No golfer had ever chipped in on the 72nd hole to win a major, right? So what happens? On the last hole of the 1986 PGA Championship a human sand rake named Bob Tway chips in from a bunker to beat our Aussie hero, Crocodile Done-in, by two. Then, at the very next major, the 1987 Masters, Larry Mize, known near and near, chips in on the second hole of sudden death from a quite unchip-in-able place—140 feet away, downhill, onto a green faster than the Hackensack off ramp. Who needs a putter to play Norman? Just bring your lucky wedge and a Saint Christopher medal. Ever see a Great White Shark eaten by an anchovy? Twice?

In endorsement bonuses alone, those two miracles cost Norman more than $500,000, but that's only money.
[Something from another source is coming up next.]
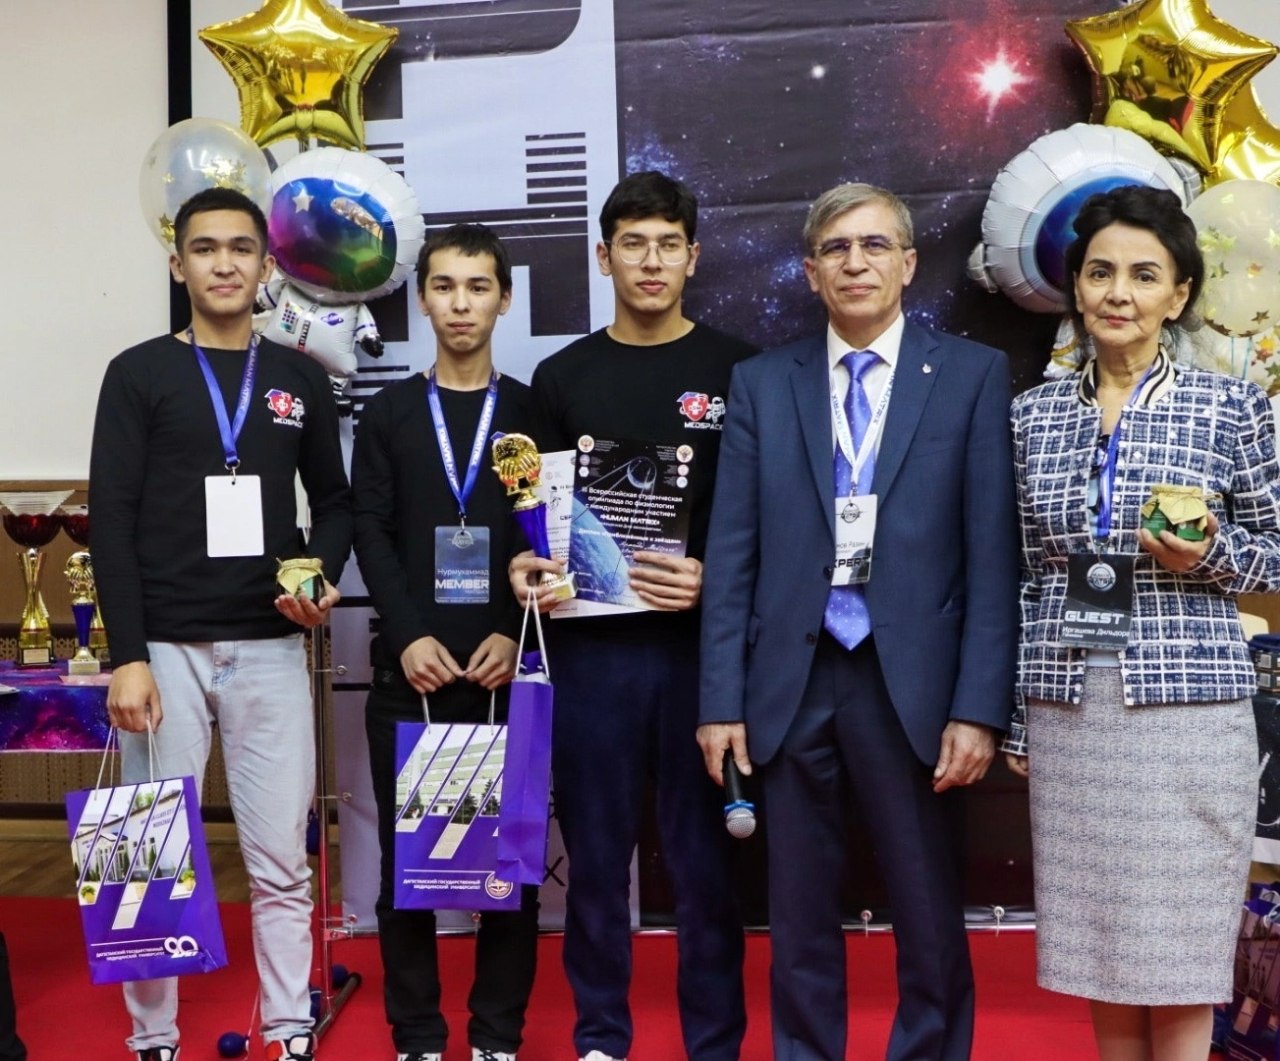 OUR STUDENTS ARE WINNERS OF THE INTERNATIONAL OLYMPIAD

It is history Norman yearns for, and were it not for those two shots, he would have come to this week's U.S. Open at the Olympic Club in San Francisco with a raffle ticket to the modern game's first-ever Consecutive Slam—the 1986 British Open, the '86 PGA, the '87 Masters and the '87 U.S. Open. Only two literal strokes of luck kept him from it. Another catastrophe and you can look for Norman on the cover of Psychology Today .

There is more. Norman lost last year's U.S. Open at Shinnecock Hills after leading on Sunday and lost the 1986 Jack-Is-Back Masters after needing only a par on the final hole to tie. That's frightfully close to winning five of the last five majors. Instead he has just one. Norman has become the most beloved loser since Ralph Kramden.

But do you see Norman smashing every vase in his house? Do you see him refusing to go outdoors? Do you see him missing out on the tiniest sliver of fun? No, you do not.